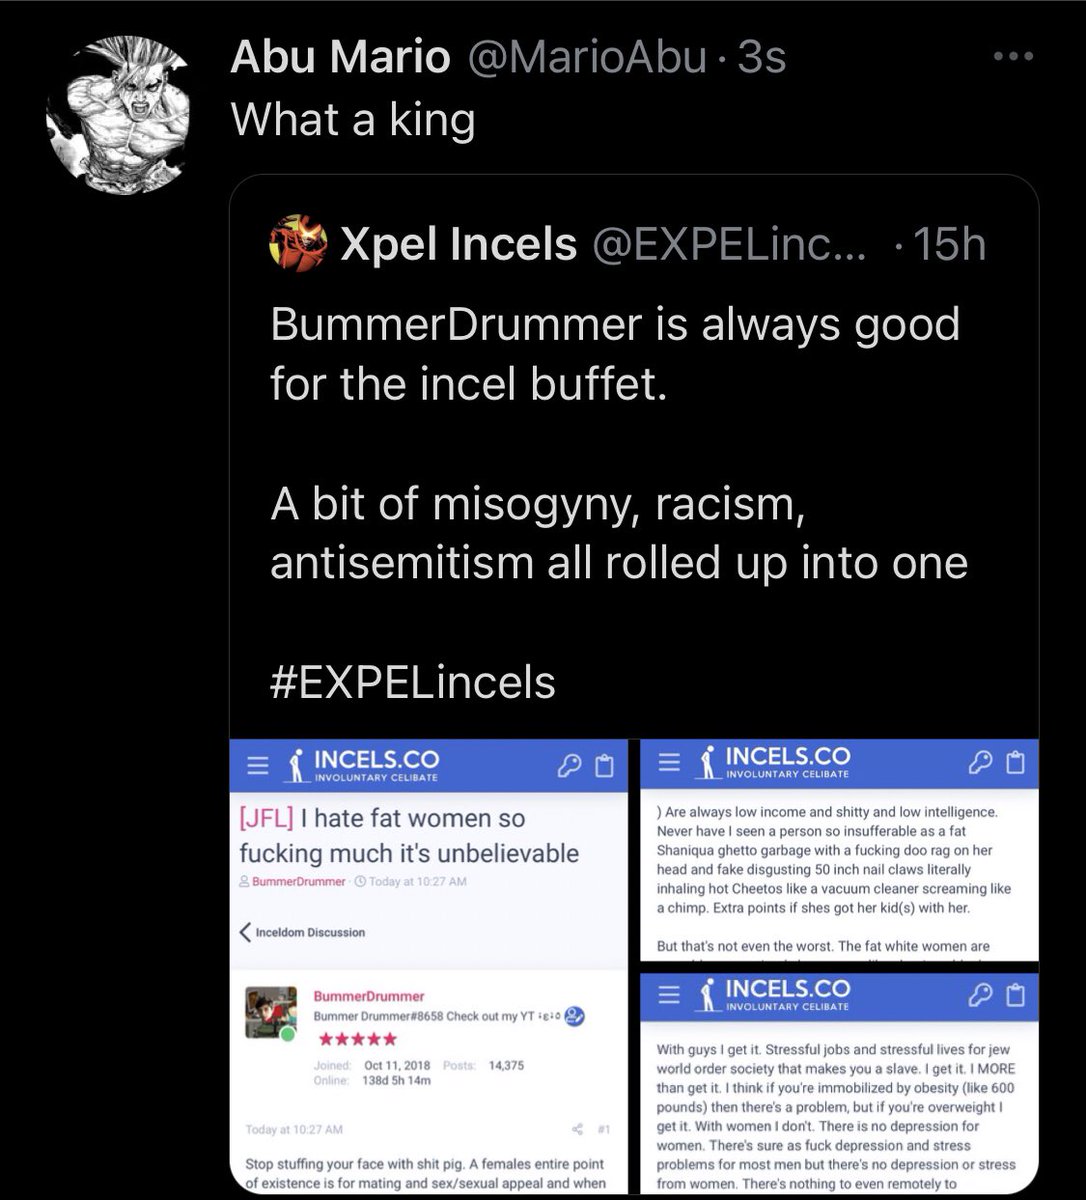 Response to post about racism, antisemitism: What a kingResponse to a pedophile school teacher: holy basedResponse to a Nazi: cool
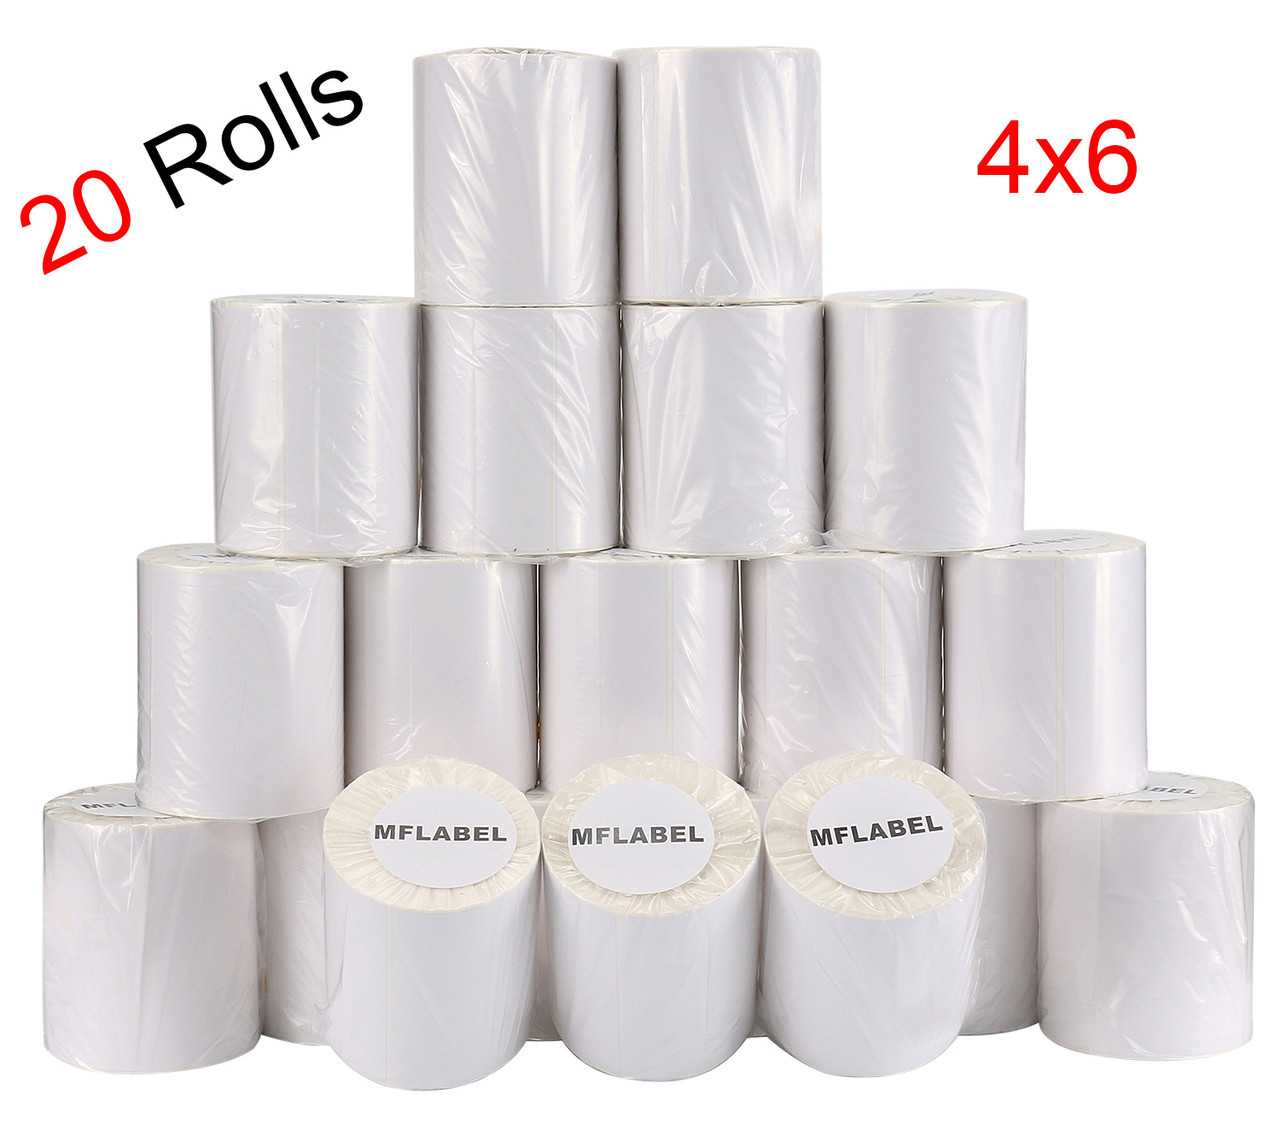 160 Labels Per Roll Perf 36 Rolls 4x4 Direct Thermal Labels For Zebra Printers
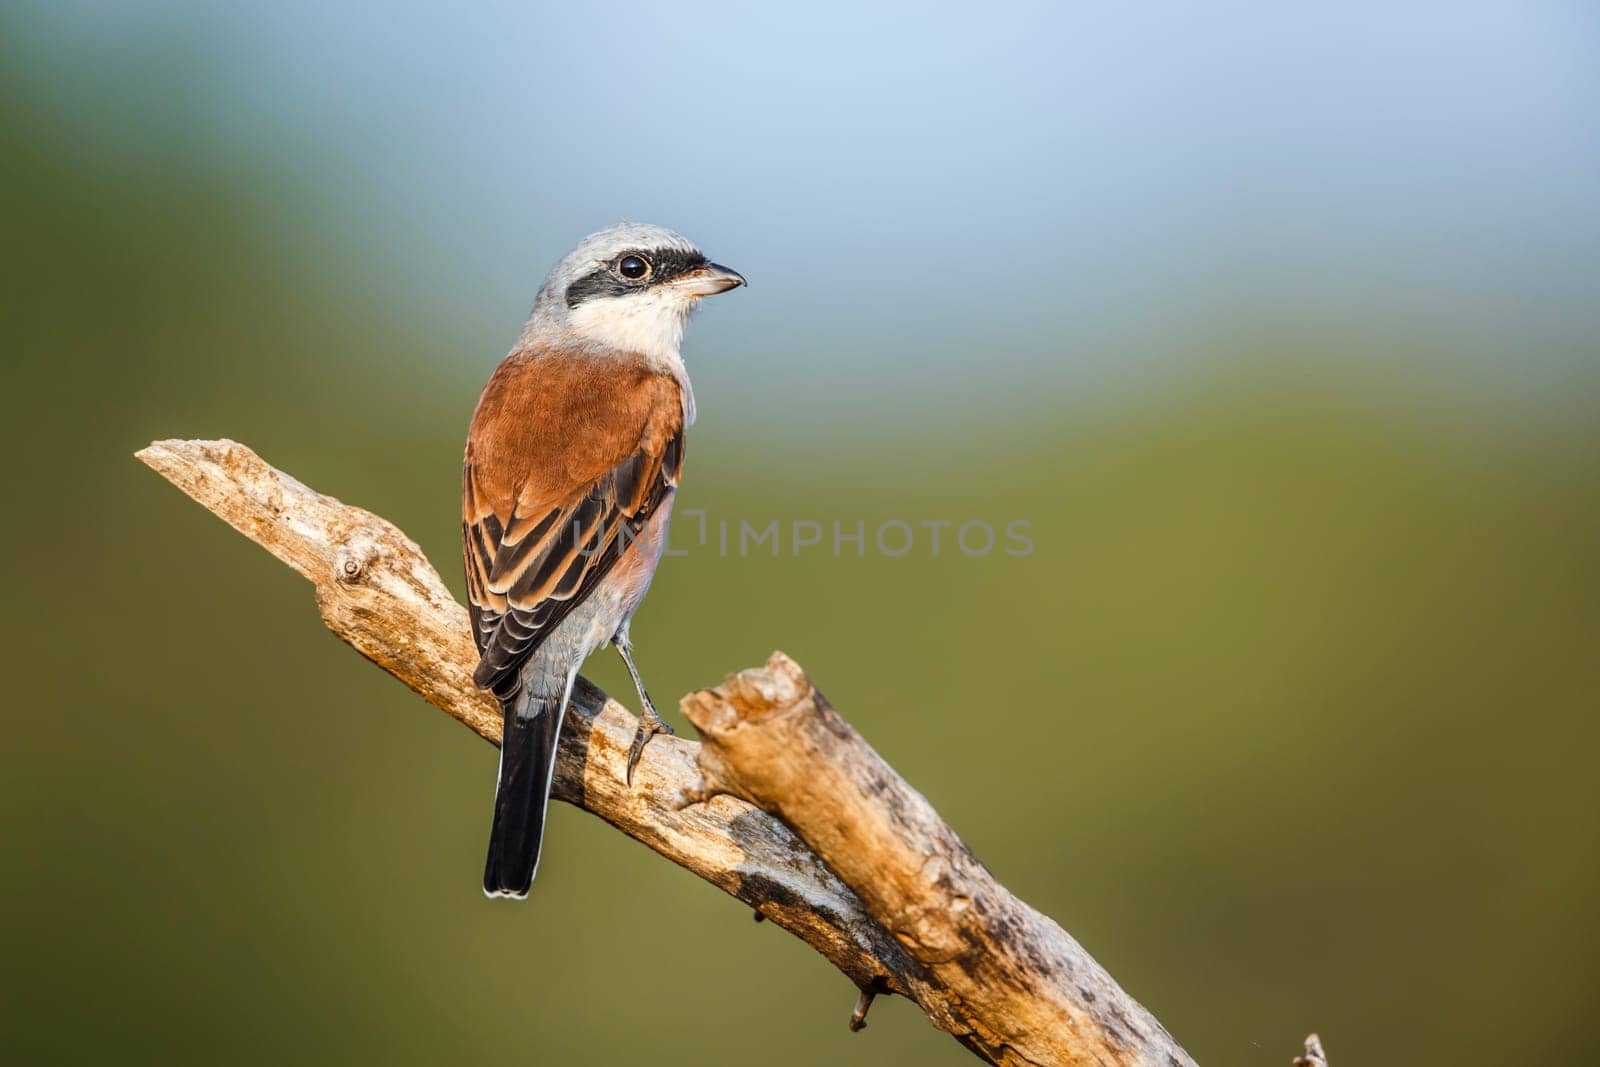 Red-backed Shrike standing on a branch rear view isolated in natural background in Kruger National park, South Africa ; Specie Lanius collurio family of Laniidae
§ §
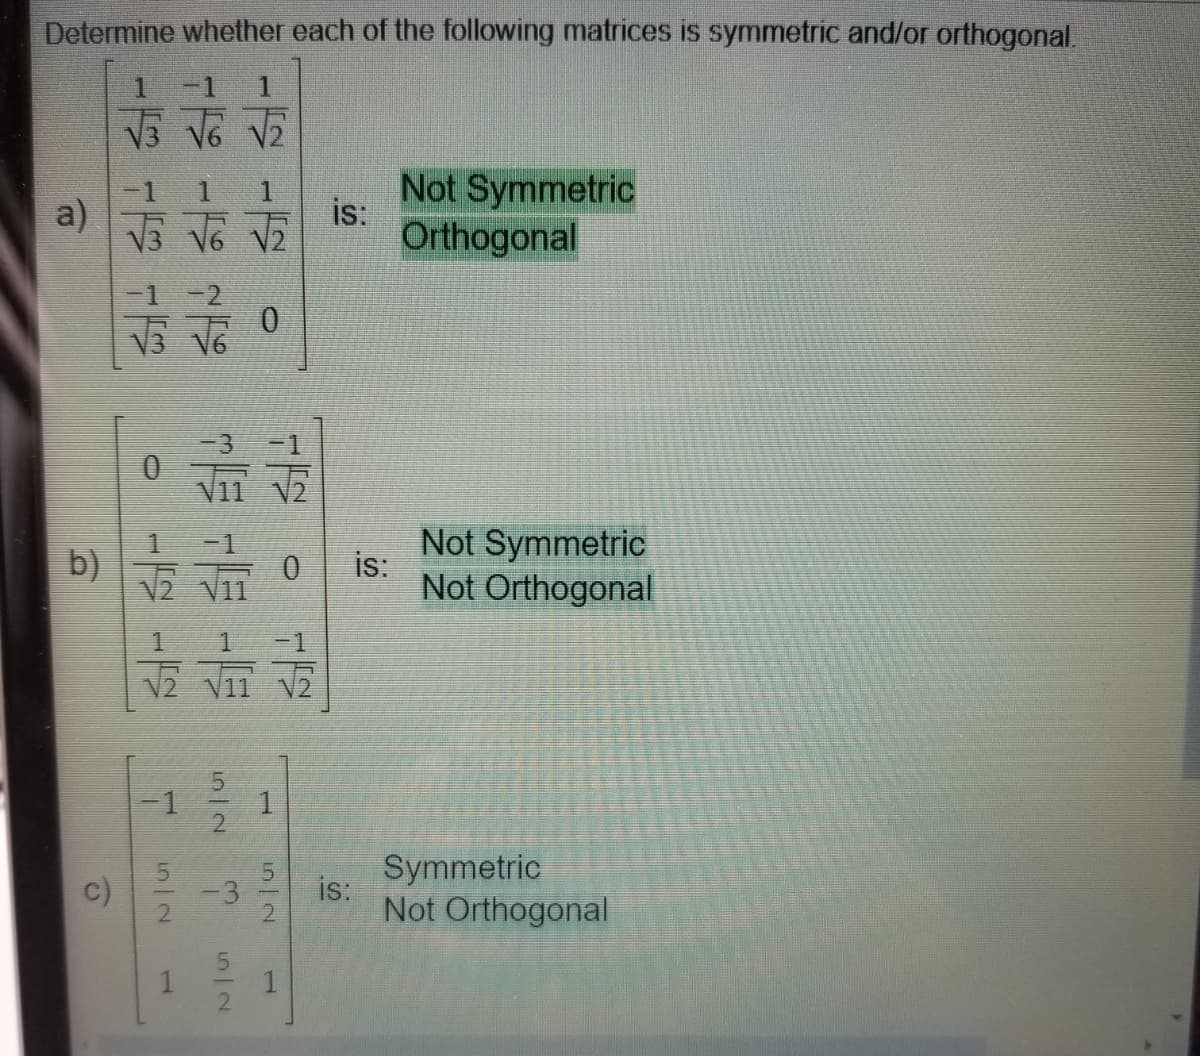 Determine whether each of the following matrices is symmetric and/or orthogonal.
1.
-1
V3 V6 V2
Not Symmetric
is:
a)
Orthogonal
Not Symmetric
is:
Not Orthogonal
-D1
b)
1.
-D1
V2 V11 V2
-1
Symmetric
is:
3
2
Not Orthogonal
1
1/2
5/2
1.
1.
§ §
Of the lines above, quote exactly those from the one with "Response to post" through the one with "Red-backed Shrike standing", ends included; pictures stay out.

 Response to post about racism, antisemitism: What a kingResponse to a pedophile school teacher: holy basedResponse to a Nazi: cool
 160 Labels Per Roll Perf 36 Rolls 4x4 Direct Thermal Labels For Zebra Printers
 Red-backed Shrike standing on a branch rear view isolated in natural background in Kruger National park, South Africa ; Specie Lanius collurio family of Laniidae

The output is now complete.